Introduction

Chronic myelomonocytic leukemia (CMML) is a bone marrow disorder characterized by the overproduction of maturing monocytic cells, and sometimes dysplastic neutrophils. CMML is often accompanied by anemia and/or thrombocytopenia (1). In 2006, the Food and Drug Administration approved decitabine for the treatment of CMML. The non-hematologic side effects of decitabine are minimal and myelosuppression-associated complications are acceptable. Here, we describe one patient with CMML who developed sudden hearing loss (SHL) under decitabine treatment.

Case report

A 73-year-old male patient came to our hospital with knee pain for two weeks. During this hospitalization, he had leukocytosis, with a white blood cell (WBC) count of 36,280/mm³. The differential count showed 53% neutrophils, 3% lymphocytes, 25% monocytes, and 5% blasts. Coagulation studies revealed an activated partial thromboplastin time (aPTT) of 33.7 s and a prothrombin time (PT) of 13.3 s. The patient was transferred to the hematologist. CMML was diagnosed based on a bone marrow biopsy and aspiration (promonocytes, 7.4%; blasts, 4.4%). The patient was started on decitabine (20 mg/m² for 5 d in a 4-week cycle). After 2 cycles, the WBC count had declined to 14,110/mm³ and the other side effects were minimal.

He was hospitalized for the 3rd cycle of decitabine and the laboratory testing showed a total leukocyte count of 22,520/mm³. During the 3rd cycle on the 5th day of chemotherapy, he abruptly complained of difficulty hearing on the left side without dizziness. The physical examination revealed normal external auditory canals with intact tympanic membranes bilaterally. Pure tone audiometry revealed moderate sensorineural hearing loss in the right ear (48 dB HL by 4-tone average) and severe sensorineural hearing loss in the left ear (84 dB HL by 4-tone average; Figure 1). Speech audiometry revealed word discrimination scores of 80% for the right ear and 20% for the left ear. Radiologic evaluation of the temporal region and brain, including magnetic resonance imaging (MRI) scan, revealed no significant abnormalities of the brain and inner ear (Figure 2).

Figure 1 Pure tone audiogram obtained during the first examination. Audiogram shows moderate hearing loss in the right ear and severe hearing loss in the left ear. Bone conduction in high frequencies of the left ear was not tested.

Figure 2 T2-weighted magnetic resonance imaging (MRI) scan shows no detectable abnormalities in the inner ear and auditory nerve.

Even though there were no baseline audiologic test results before the onset of symptoms, the patient previously had equal hearing in both ears and the test results were compatible with sensorineural hearing loss in the left ear, thus the patient was diagnosed with SHL based on the history and audiologic testing. At the time of symptom onset, the WBC count was 32,600/mm³, the hemoglobin was 7.6 g/dL, and the platelet count was 339,000/mm³.
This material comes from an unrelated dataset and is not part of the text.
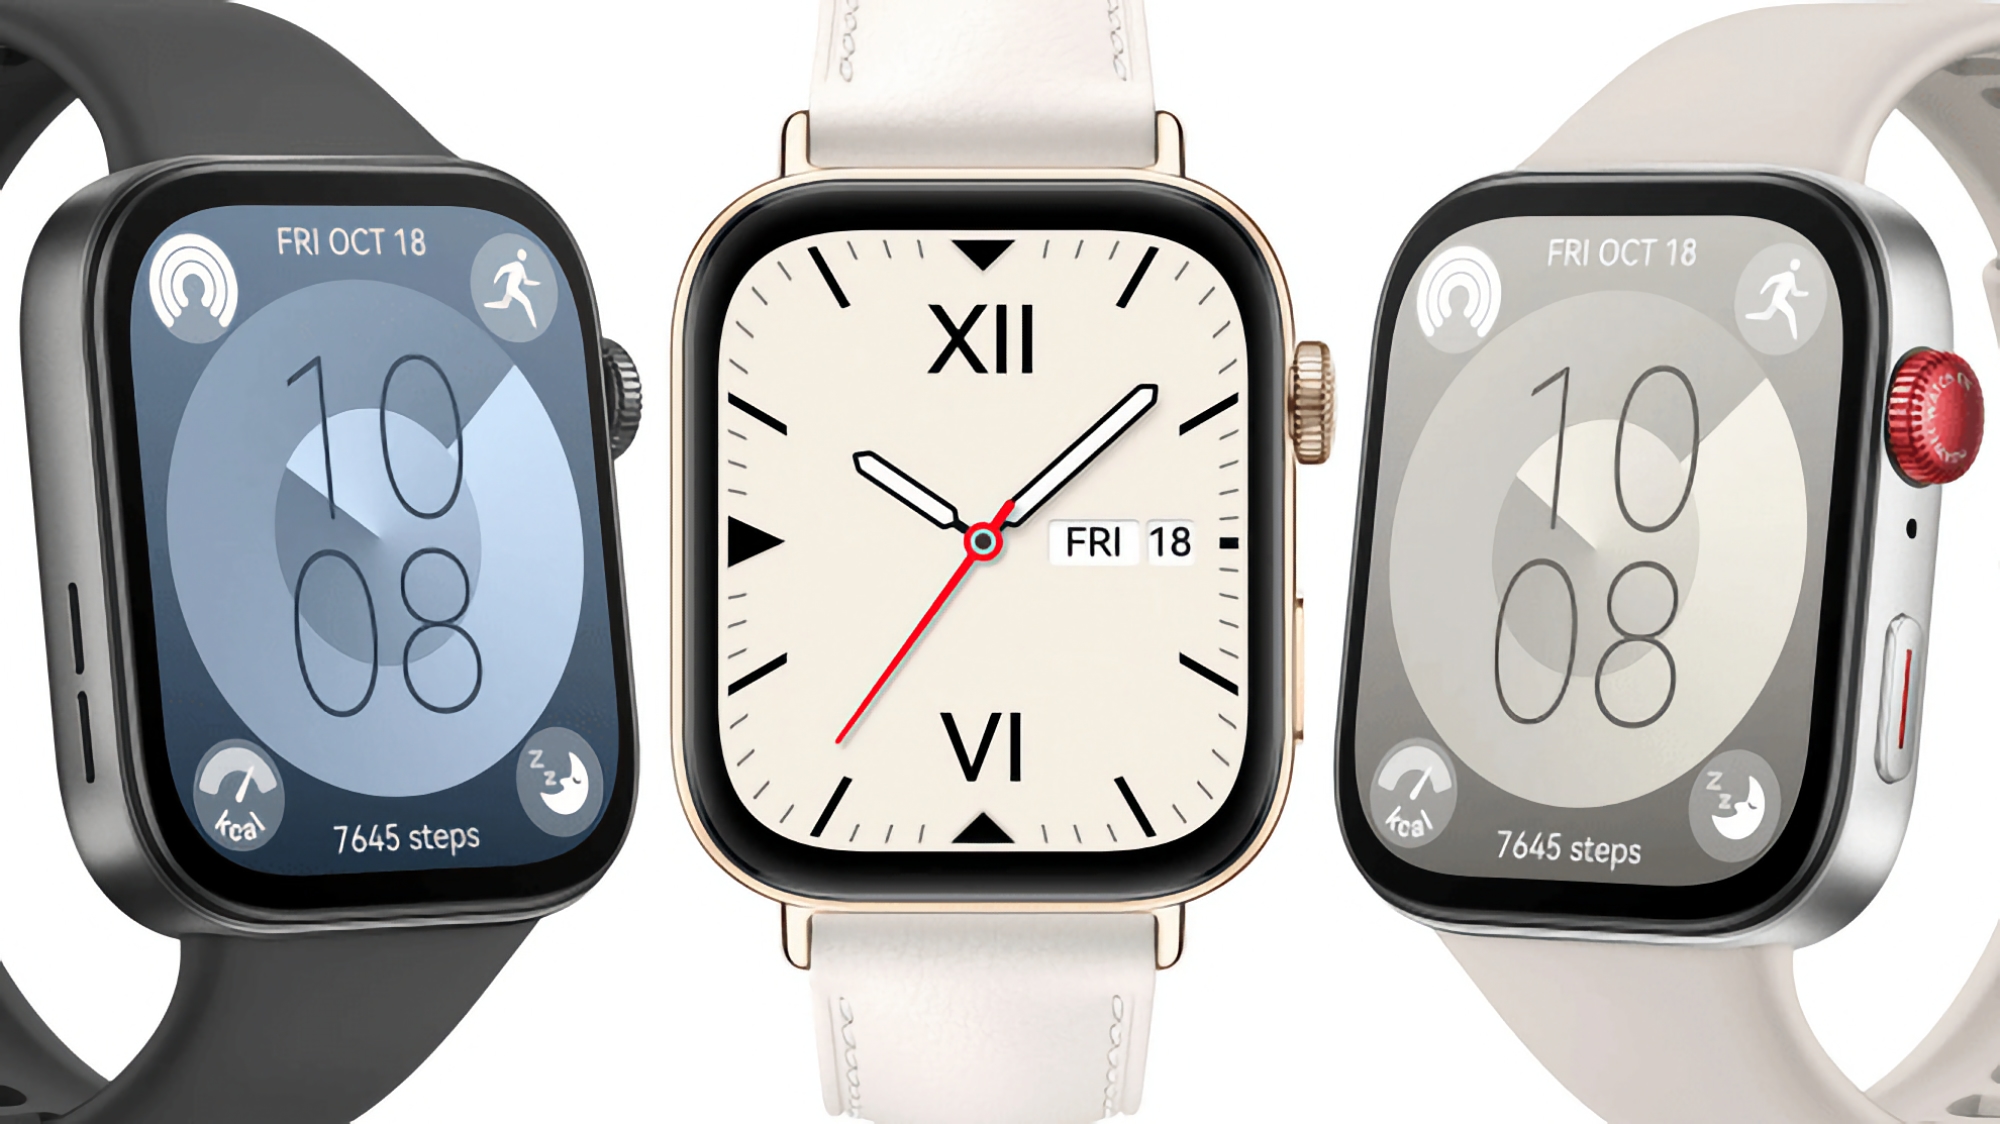 Trzy kolory, design w stylu Apple Watch, do 10 dni pracy na baterii i cena od 159 euro: osoba mająca dostęp do informacji poufnych ujawniła wszystkie szczegóły dotyczące Huawei Watch Fit 3
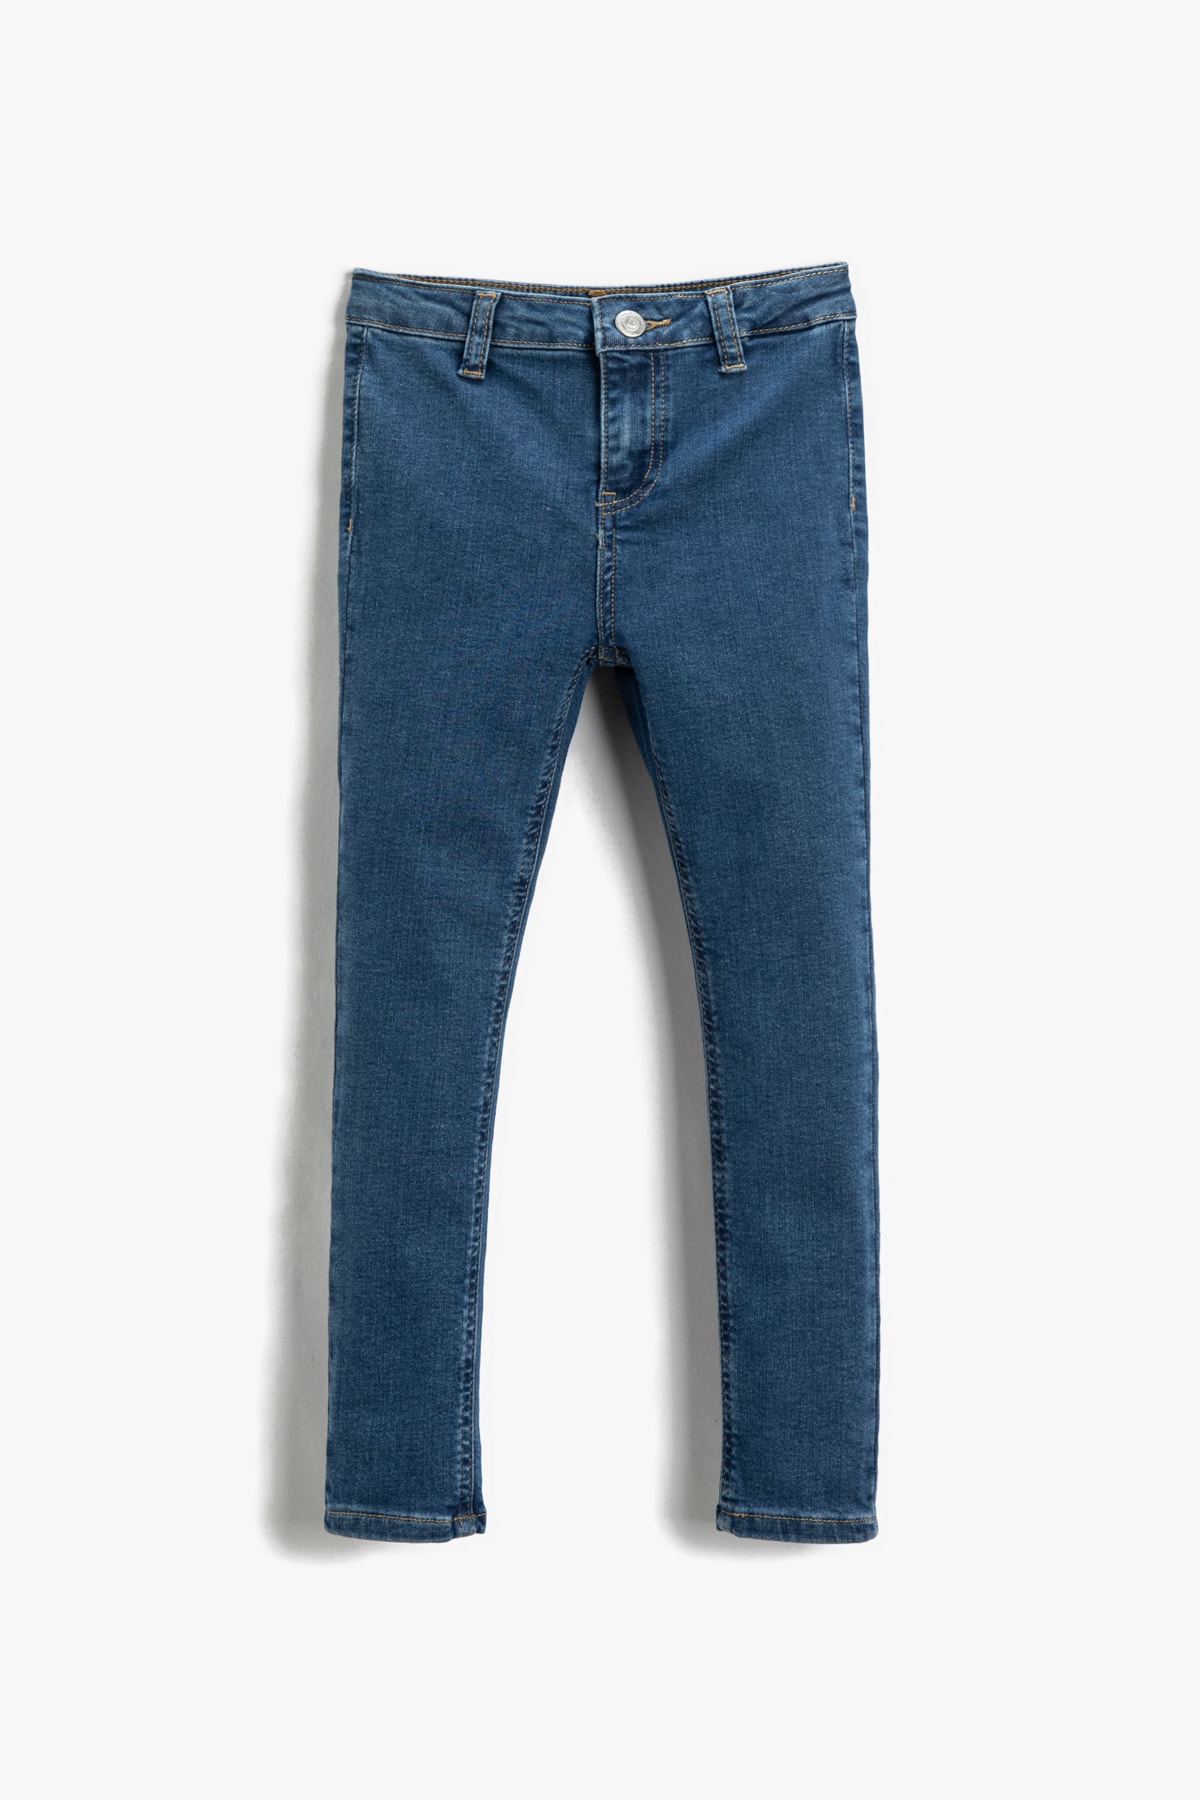 Koton Jeans Blau Straight

Intratympanic steroids were injected every other day (six times) instead of oral steroids based on the patient’s hematologic status. Carbogen was also inhaled to increase the blood flow and oxygen supply to the injured hair cells of the cochlear and inner ear structures. The patient had follow-up visits and pure tone audiograms were conducted for eight months. During the eight months, treatment was continued to the 8th cycle of decitabine as planned. While a hematologic response was achieved, the WBC count normalized to 9,980/mm³, and pure tone audiometry persistently revealed a similar hearing threshold (49 dB HL in the right ear, 78 dB HL in the left ear by 4-tone average; Figure 3). Speech audiometry revealed word discrimination scores of 96% for the right ear and 32% for the left ear. Despite, hematologic improvement, hearing improvement was not achieved.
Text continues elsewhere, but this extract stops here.